How Whittier Fire heroes rescued Circle V Ranch campers, counselors

Posted at 11:45 PM, Jul 14, 2017

Some of the heroes who rescued 82 kids and adults stranded at Circle V Ranch Camp when the Whittier Fire began nearly a week ago spoke out on Friday.

Newly released dash cam footage shows Santa Barbara County Sheriff’s deputies attempting to get to the camp last Saturday.

“Within seconds, the entire shrubbery and trees engulfed in flames and the roadway was covered,” said Sgt. Neil Gowing.

At the end of the road, 58 campers ages seven through 16 and 24 adult staff members were trapped in the camp.

The deputies turned around but U.S. Forest Service Patrolman Dave Dahlberg, who was initially behind them, was able to pass and make it through.

“I was able to make access into the camp through all the smoke and flames and all the debris on the road. It was tough at some points,” said Dahlberg, who was familiar with Circle V Ranch from prior training based on similar circumstances.

Dahlberg and the campers sheltered in place at the dining hall. Flames were about 600 feet away.

“I assured them that we were in a safe place and that we would all get out safely. It seemed like minutes but it probably was closer to two hours when I first saw county Dozer 1,” he continued. 

Dozer operator Mark Linane started cutting fire line around the camp. Overhead, helicopters and airtankers made drops where the flames were seen moving toward the camp.

Dahlberg doused the dining hall with water as flames approached. Another hour went by before search and rescue vehicles arrived at the camp.

“As I was driving by one of the lower buildings, I could see the fire was actually looking up at the backside of the building,” said Nelson Trichler, a Santa Barbara County Search and Rescue team member.

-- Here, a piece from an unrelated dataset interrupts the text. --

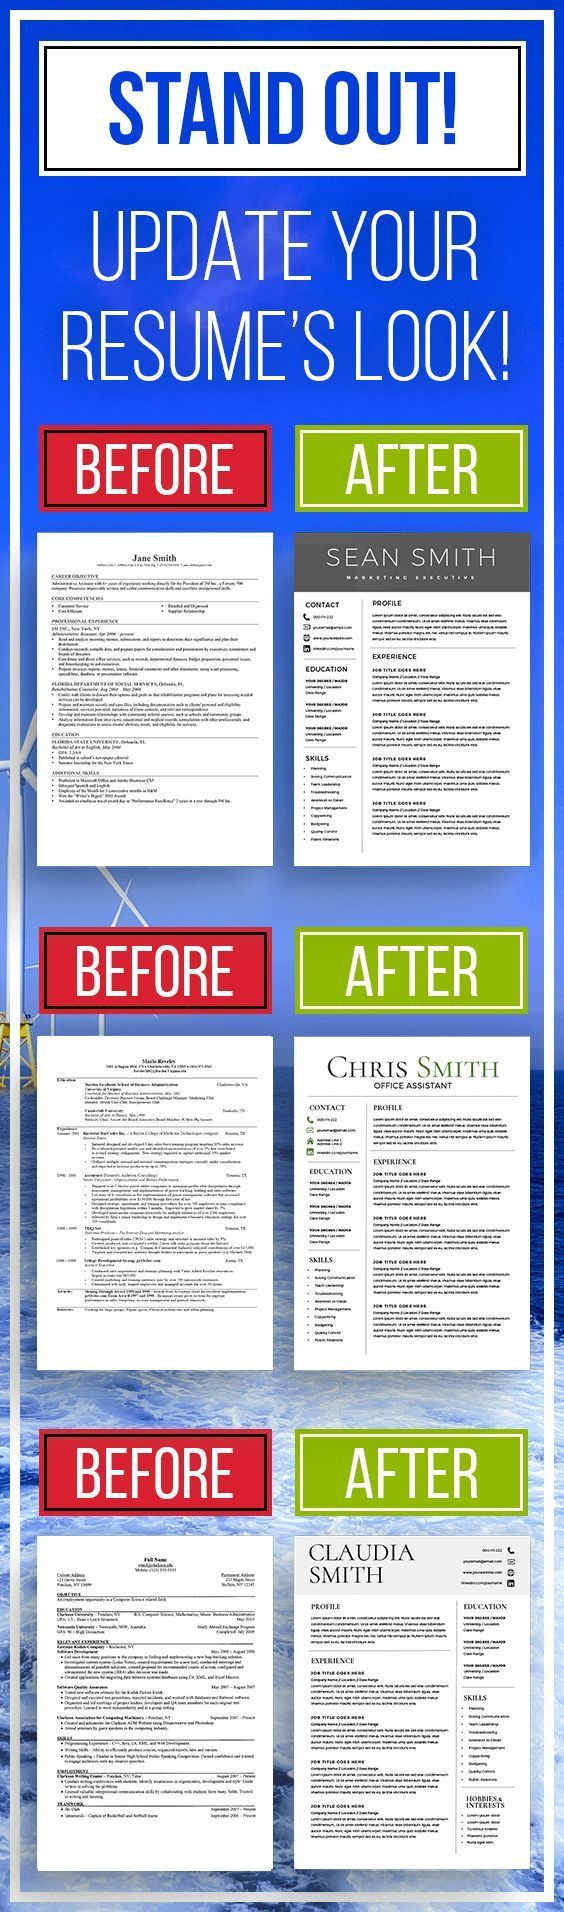 update your resumes look resume update post resume resume upload update my resume updated resume format post my resume cv update updating a resume
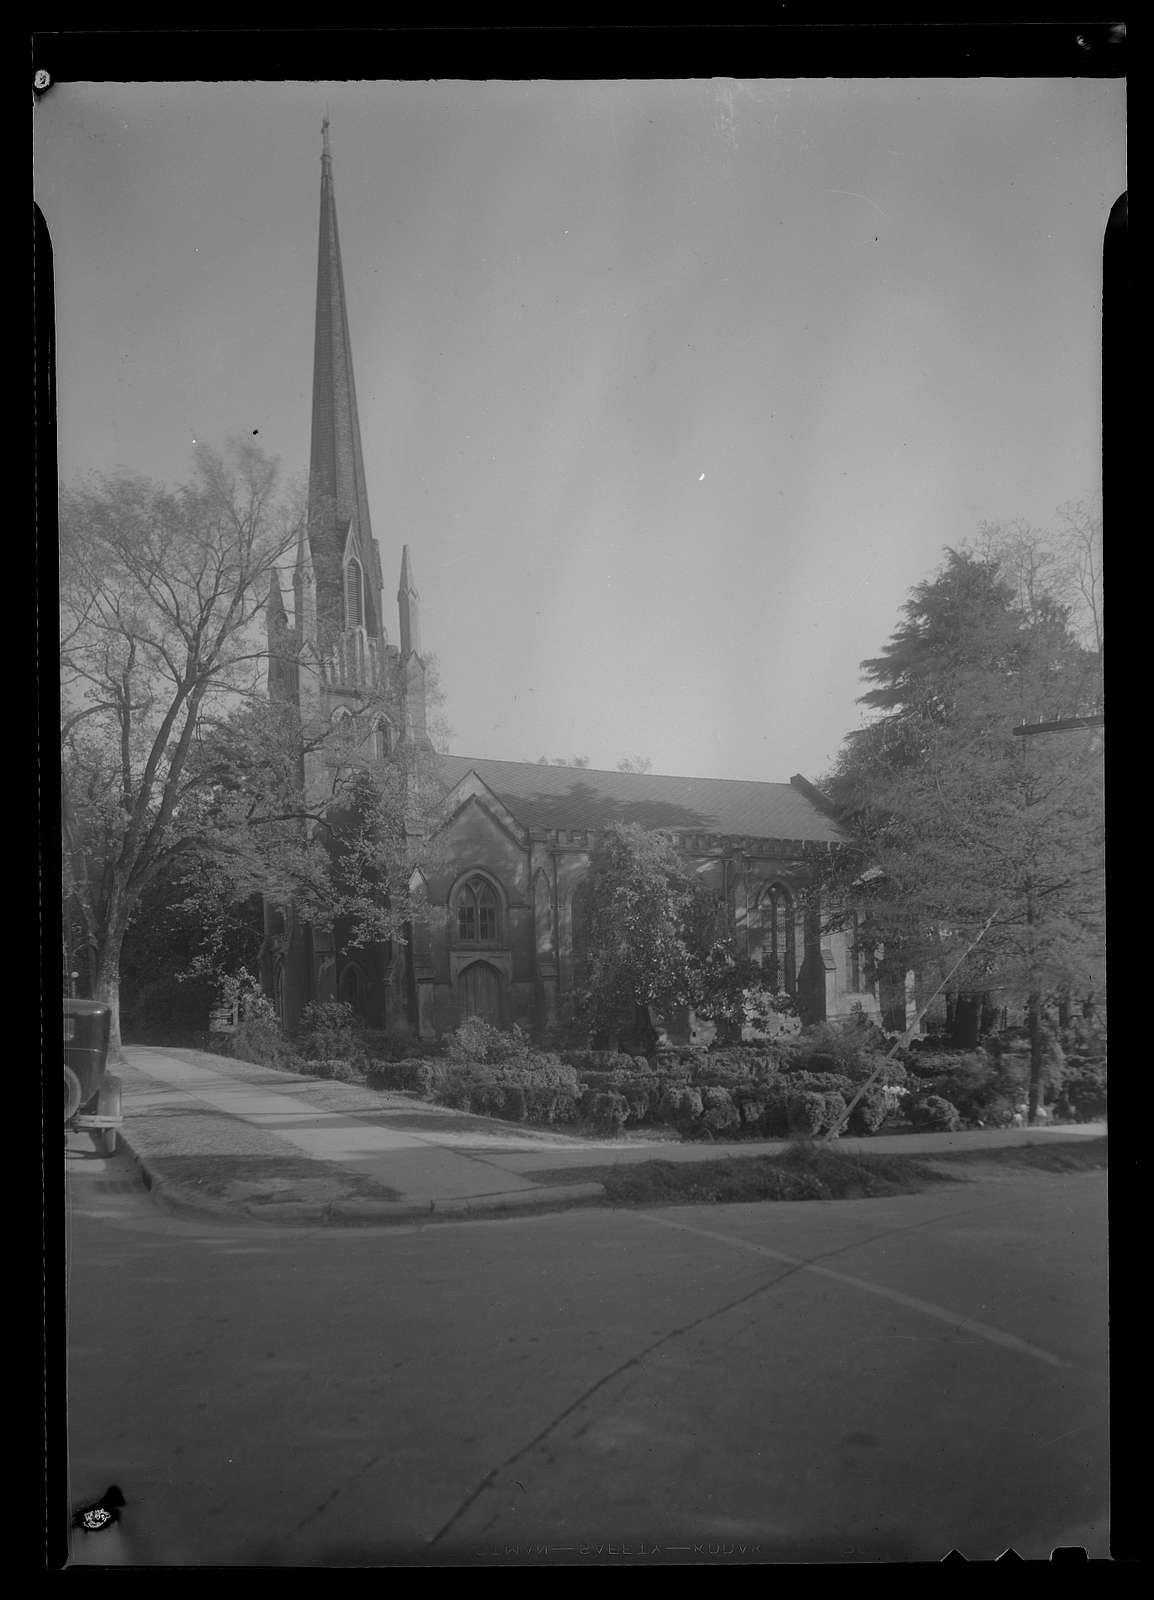 Trinity Episcopal Church, Church Street, Abbeville, Abbeville County, SC

Just about that time, a helicopter dropped more water. The kids and the counselors were soon loaded up in search and rescue cars and taken down the canyon.

“I explained that we were going to leave like a big snake and that big yellow bulldozer over there was going to be the head of our snake,” said Santa Barbara County Fire Department Division Chief Steve Oaks.

The heat of the fire could be felt through the window.

“I was amazed that they were calm. They were under control. They weren’t panicking. They were actually singing some songs on the way down,” Trichler said.

At the bottom of the road, Chumash Casino buses took the kids and counselors to be reunited with their families by 11:15 p.m. that same night.

The camp lost its craft shack cabin and health office cabin in the fire. The camp director says the rescuers are guardian angels.